Data excerpt START

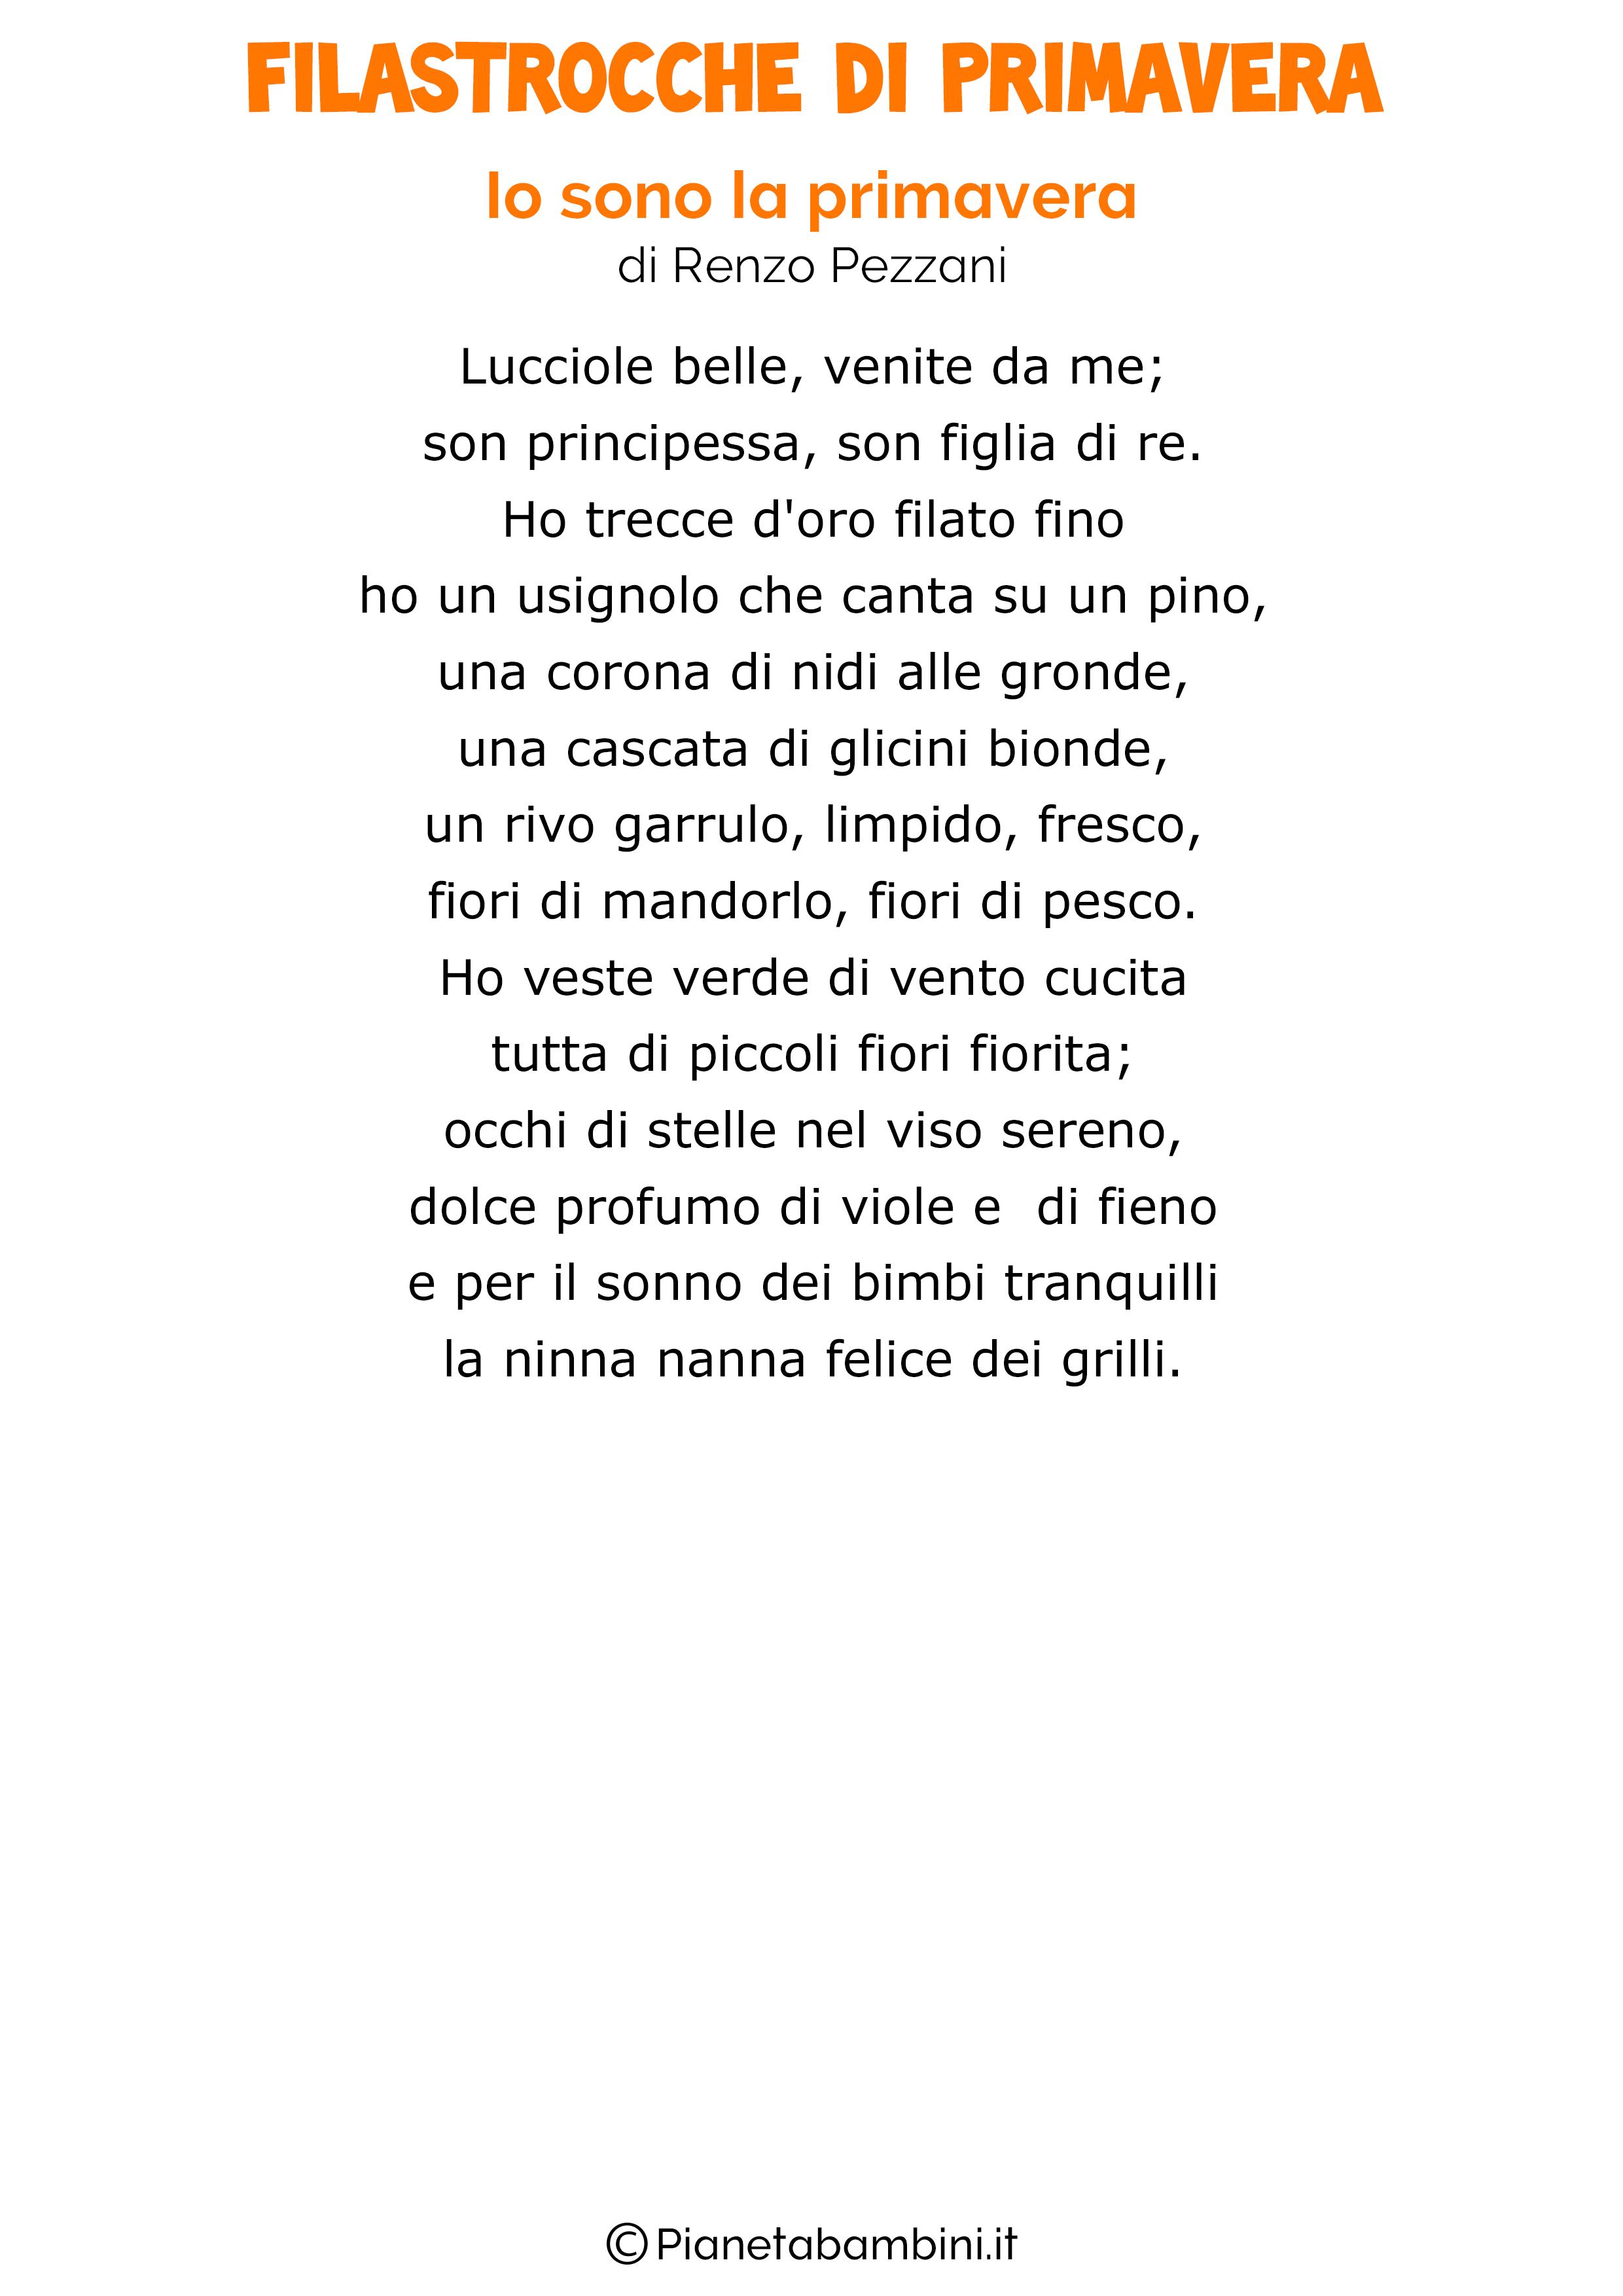 Io-sono-la-primavera-Renzo-Pezzani
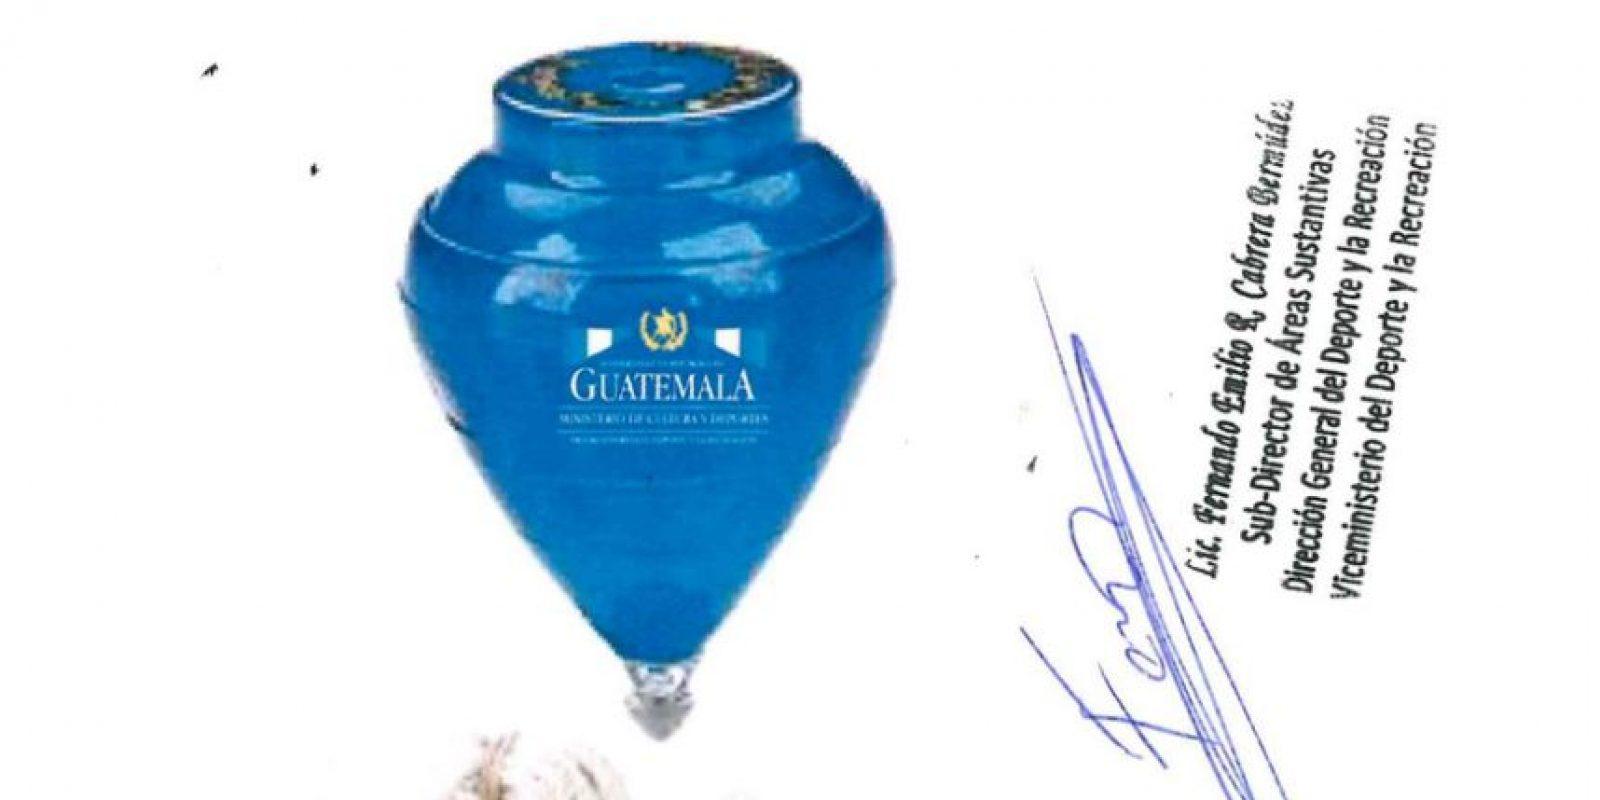 Muestra del producto Foto:Guatecompras
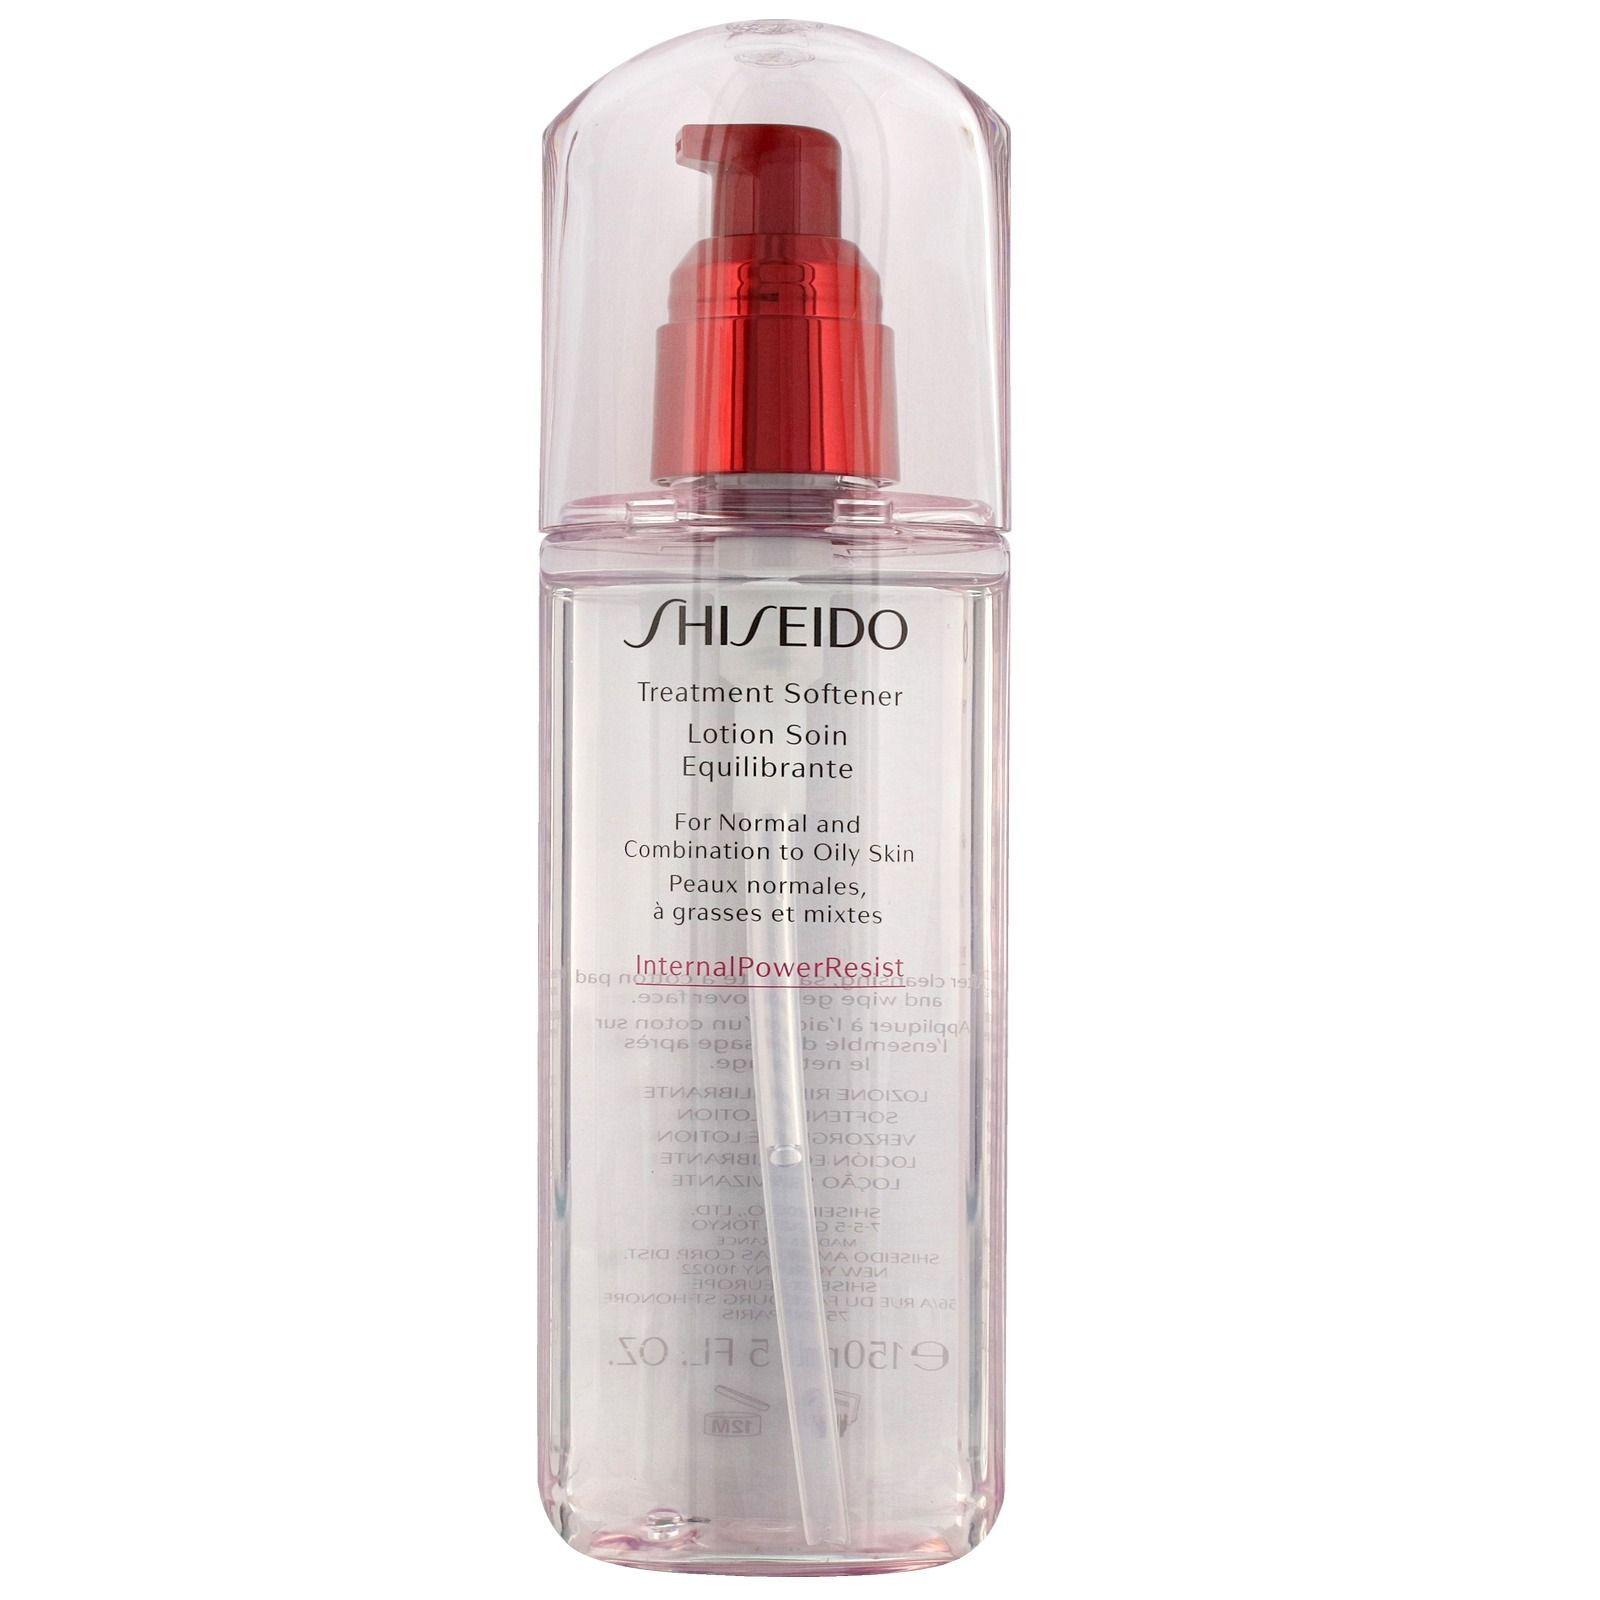 Shiseido Softeners & Balancing Lotions Trattamento Softener 150ml / 5 fl.oz.

Data excerpt END

What you need to do —
Each line of the data above must be repeated exactly, images excluded.

Final answer —
 Io-sono-la-primavera-Renzo-Pezzani
 Muestra del producto Foto:Guatecompras
 Shiseido Softeners & Balancing Lotions Trattamento Softener 150ml / 5 fl.oz.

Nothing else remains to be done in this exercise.